When the COMPLETE is “1” and the D-COND-BIT is “1”, the logical multiplication circuit 204 outputs an update indication to the second GHR 202 via the register 209. When the branch instruction address BIAR [31:0] steps over the boundary of 32 Bytes, the COMPLETE is “1”, the D-COND-BIT is “1” and the RESULT-TAKEN is “0” for example, the oldest information in the second GHR 202 is deleted and an entry of “0” is added to the second GHR 202. When the branch instruction address BIAR [31:0] steps over the boundary of 32 Bytes, the COMPLETE is “1”, the D-COND-BIT is “1” and the RESULT-TAKEN is “1”, the oldest information in the second GHR 202 is deleted and an entry of “1” is added to the second GHR 202. When the branch instruction address BIAR [31:0] does not step over the boundary of 32 Bytes, the COMPLETE is “1” and the D-COND-BIT is “1”, the second GHR 202 is updated to the logical addition of the latest information in the second GHR 202 and the RESULT-TAKEN.
For example, it is assumed that the second GHR 202 before being updated is “abcdef”. Here, it is assumed that each of “a” to “f” indicates a one-bit variable which can become 0 or 1, the rightmost bit “f” is the oldest information, and new information is arranged in a left direction sequentially. When the branch instruction address BIAR [31:0] steps over the boundary of 32 Bytes, the COMPLETE is “1”, the D-COND-BIT is “1” and the RESULT-TAKEN is “0”, the second GHR 202 is updated to “0abcde”. When the branch instruction address BIAR [31:0] does not step over the boundary of 32 Bytes, the COMPLETE is “1”, the D-COND-BIT is “1” and the RESULT-TAKEN is “1”, the second GHR 202 is updated to “1bcdef”. When the branch instruction address BIAR [31:0] does not step over the boundary of 32 Bytes, the COMPLETE is “1”, the D-COND-BIT is “1” and the RESULT-TAKEN is “0”, the second GHR 202 maintains “abcdef”.
The comparison circuit 205 determines whether the PREDICT-TAKEN is in disagreement with the RESULT-TAKEN. When the PREDICT-TAKEN is in disagreement with the RESULT-TAKEN, the comparison circuit 205 outputs “1” to the logical multiplication circuit 206. On the other hand, when the PREDICT-TAKEN is in agreement with the RESULT-TAKEN, the comparison circuit 205 outputs “0” to the logical multiplication circuit 206. When the COMPLETE is “1” and the output of the comparison circuit 205 is “1” (i.e., the PREDICT-TAKEN the RESULT-TAKEN), the logical multiplication circuit 206 determines that the branch prediction has failed, and outputs an update indication of the first GHR 101 and the BRHIS 102 to the first GHR 101 and the BRHIS 102 via the register 211. The updating of the first GHR 101 and the BRHIS 102 is described later.
When the COMPLETE is “1” and the D-COND-BIT is “1”, the logical multiplication circuit 207 outputs an update indication to the PHT 103 via the register 214. When the comparison circuit 208 determines whether the D-EXPECT-BIT is in disagreement with the RESULT-TAKEN. When the D-EXPECT-BIT is in disagreement with the RESULT-TAKEN, the comparison circuit 208 outputs “1” indicating the selection of the adder 216 to the selection circuit 218 via the register 215. Here, when the D-EXPECT-BIT is in disagreement with the RESULT-TAKEN, this indicates that the computation result of the branch is not as expected.
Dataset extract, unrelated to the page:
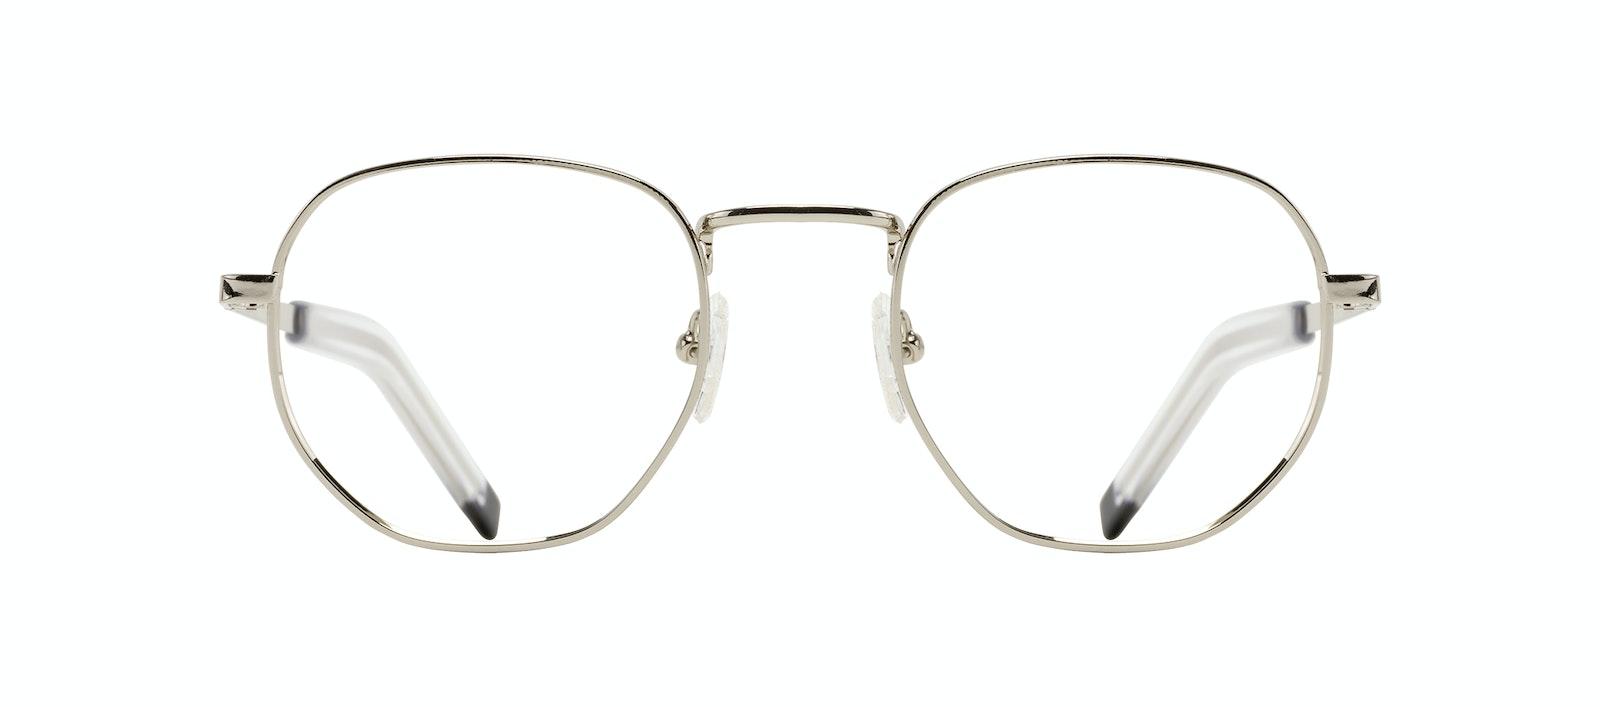 Affordable Fashion Glasses Round Eyeglasses Men Rise Silver Front

When the D-EXPECT-BIT is in agreement with the RESULT-TAKEN, the comparison circuit 208 outputs “0” indicating the selection of the subtracter 217 to the selection circuit 218 via the register 215. Here, when the D-EXPECT-BIT is identical with the RESULT-TAKEN, this indicates that the computation result of the branch is as expected.
The updating of the PHT 103 is executed whenever the branch computation of the conditional branch is completed. An update address [31:0] of the PHT 103 is an address which has coupled an address BIAR [31:6] of the branch instruction in which the computation has been completed, with exclusive OR of an address BIAR [5:0] and the second GHR202 ([5:0]). Here, since an entry to be updated is used in order to search the PHT 103 when the branch prediction concerning the same instruction is executed later, the computation result before the fetched instruction is required. Therefore, the computation result of the instruction itself to be targeted is not reflected in the update address, i.e., the second GHR 202 before being updated by the computation result of the branch instruction to be targeted is used.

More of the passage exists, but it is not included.